# Advent of Code Day #1 - RocketLang Edition

·2 mins

This years Advent of Code is a little special because I use my own language RocketLang to solve the puzzles. I’ll probably explain this in a seperate post at some point so lets have a look at the first puzzle of the year:

## Problem #

The task is to calculate the amount of calories they are carrying. For example:

``````1000
2000
3000

4000

5000
6000

7000
8000
9000

10000
``````

This shows us 5 elves with different amount of items (with different calories each).

## Solution #

### Part 1 #

Part 1 is to detect the elve which carries the most calories. I did think a little bit ahead and though that maybe the number of the elve (eg. the second elve has XY calories) might be important in part 2 and created a more complicated approach using a map instead of an array which looks like this:

``````input = IO.open("./input").lines()

count = 0
elves = {0: 0}

foreach item in input
if (item == "")
count = count + 1
elves[count] = 0
end

elves[count] = elves[count] + item.plz_i()
end

puts("Part 1: %d".format(elves.values().sort()[-1]))
``````

It iterates over each line, sums up the calories and bumps the count on each empty line. At the end I only take the values of that map (as an array), sort it to get the maximum easily and return the last value which is the sum of all calories the elve with the most calories is carrying.

### Part 2 #

Unfortunataly (or luckily?) part 2 does not require us to get any data from a specific elve - so we do not really use our map.
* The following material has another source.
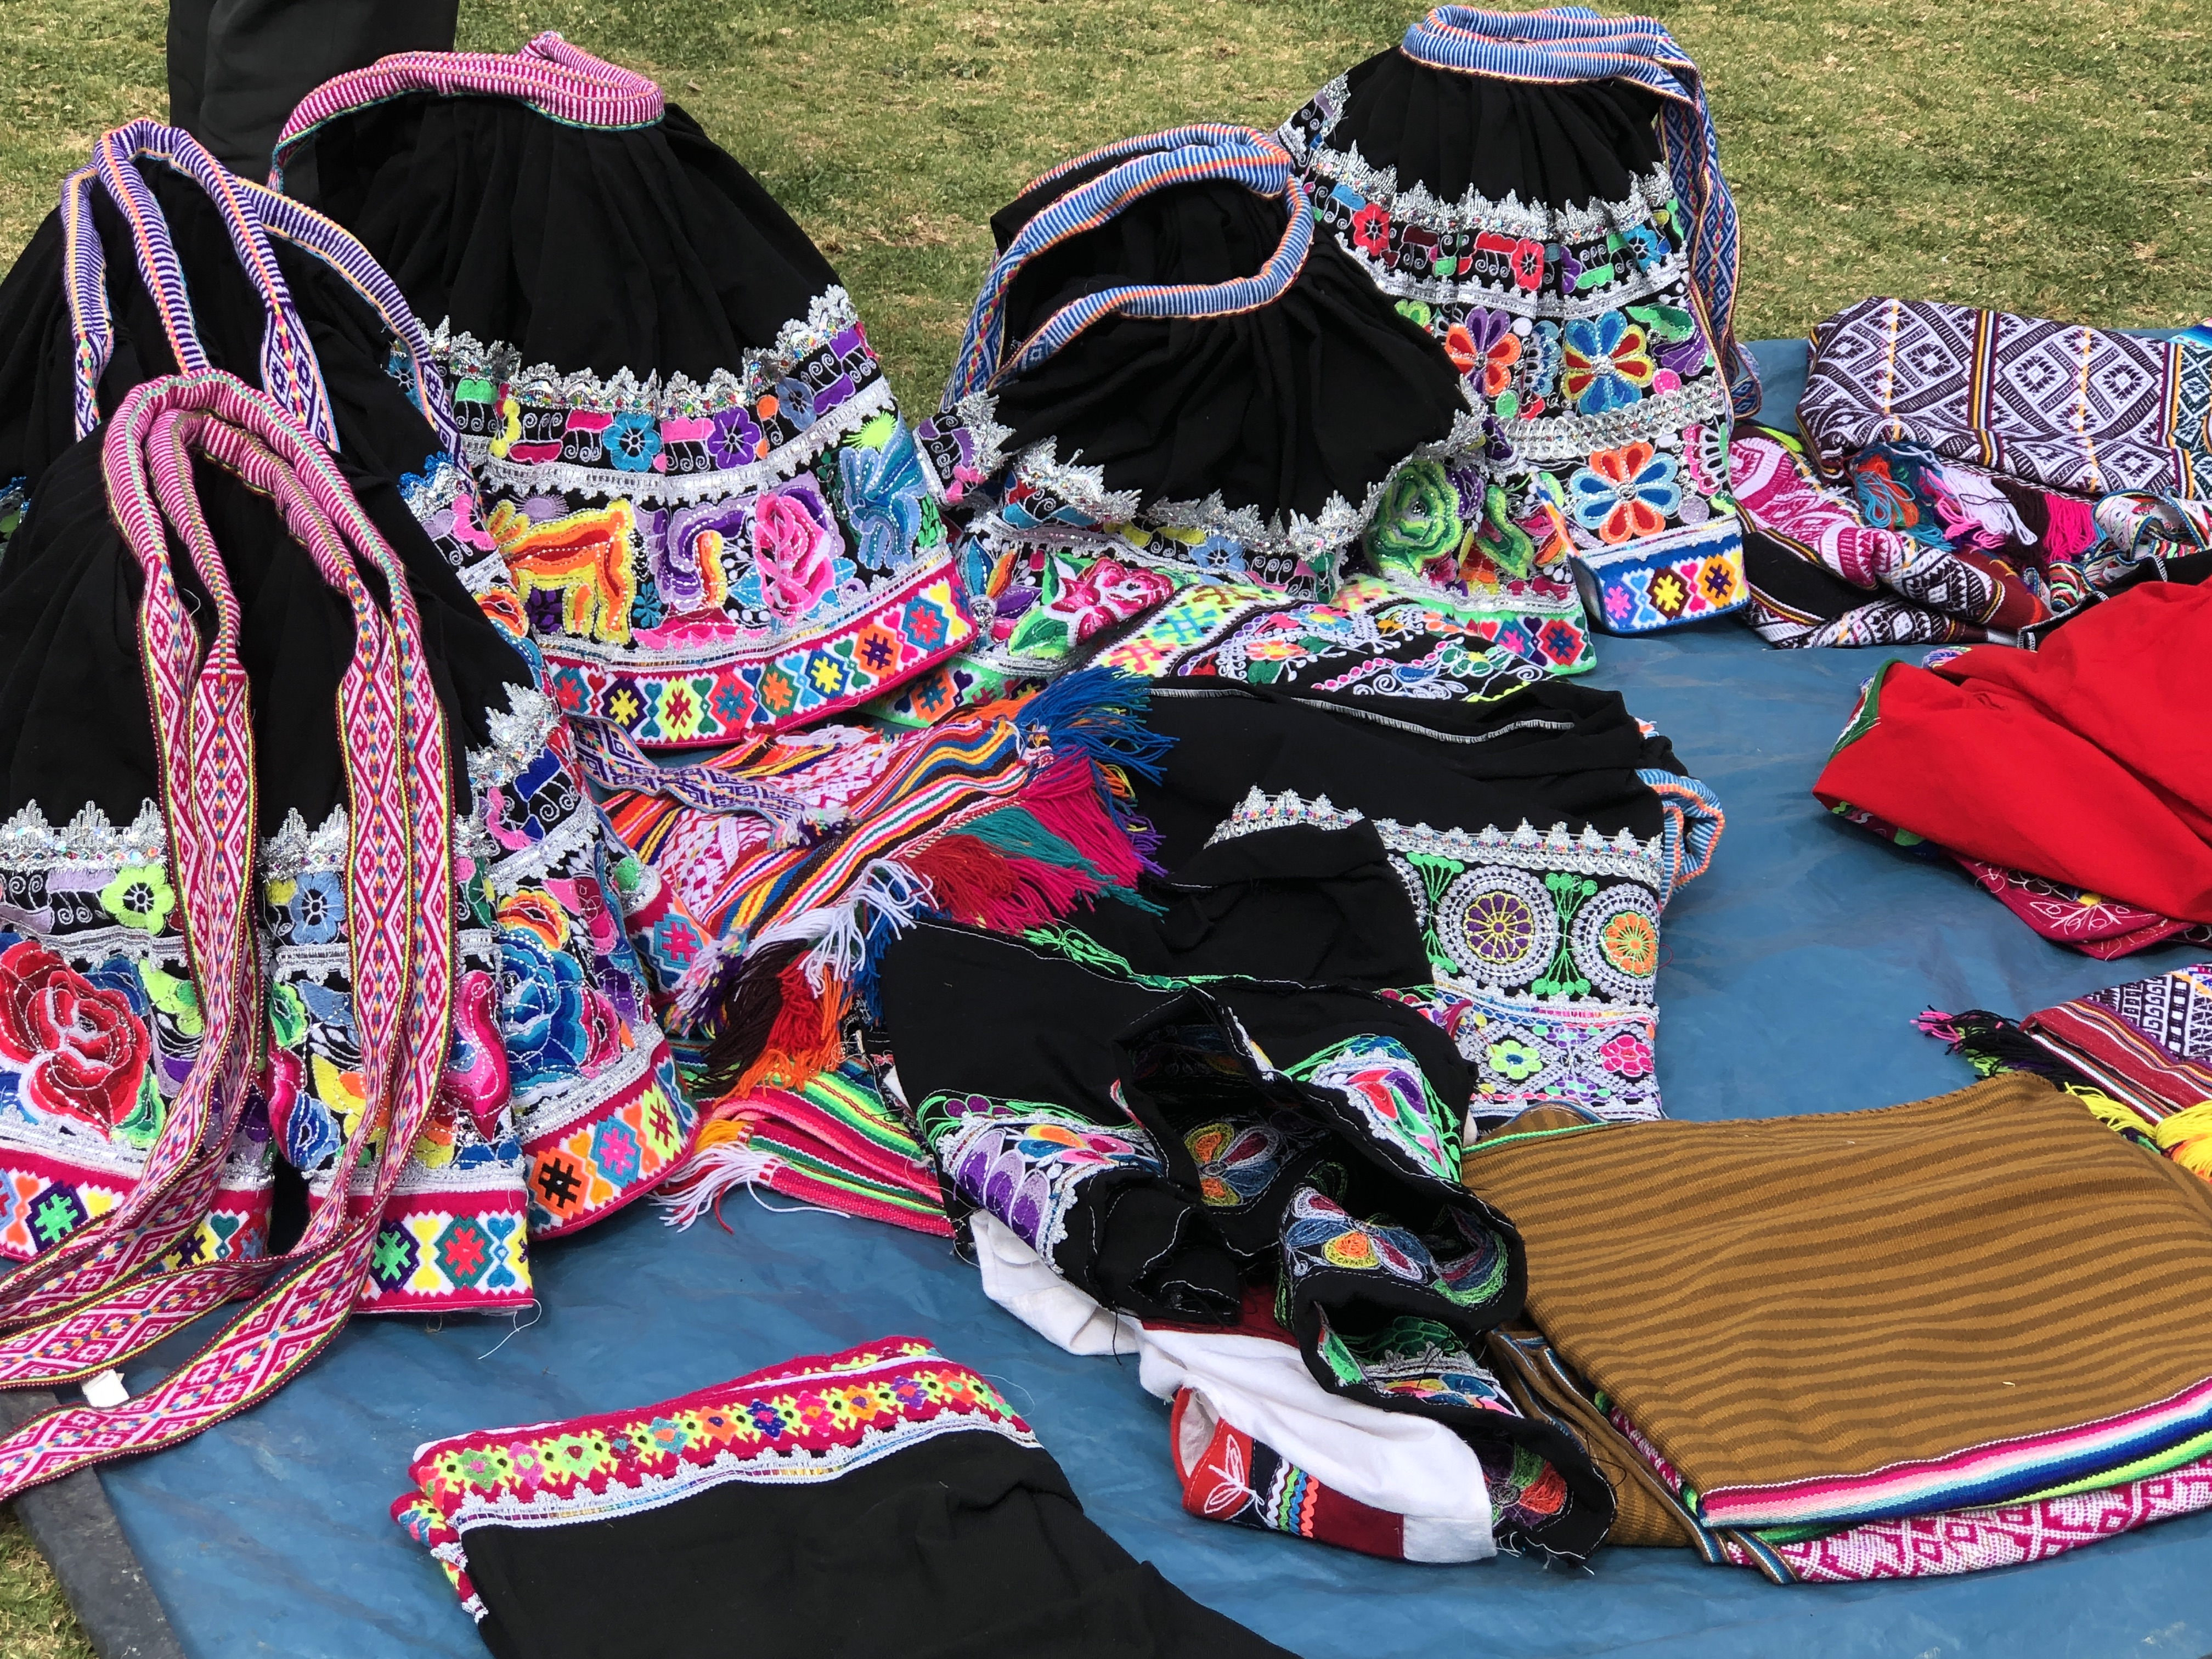 skirts for sale.JPG

But instead we need to get the sum of the calories of the three elves with the most calories. Luckily this quite simple as we already have our sorted array se we can just go ahead and sum up the last 3 values like so:

``````sum = 0
foreach item in elves.values().sort()[-3:]
sum = sum + item
end

puts("Part 2: %d".format(sum))
``````

This solves part 2 and we’re done for today.

## Conclusion #

I try to add a conclusion to every day with the thoughs about RocketLang I had whilst solving the puzzle.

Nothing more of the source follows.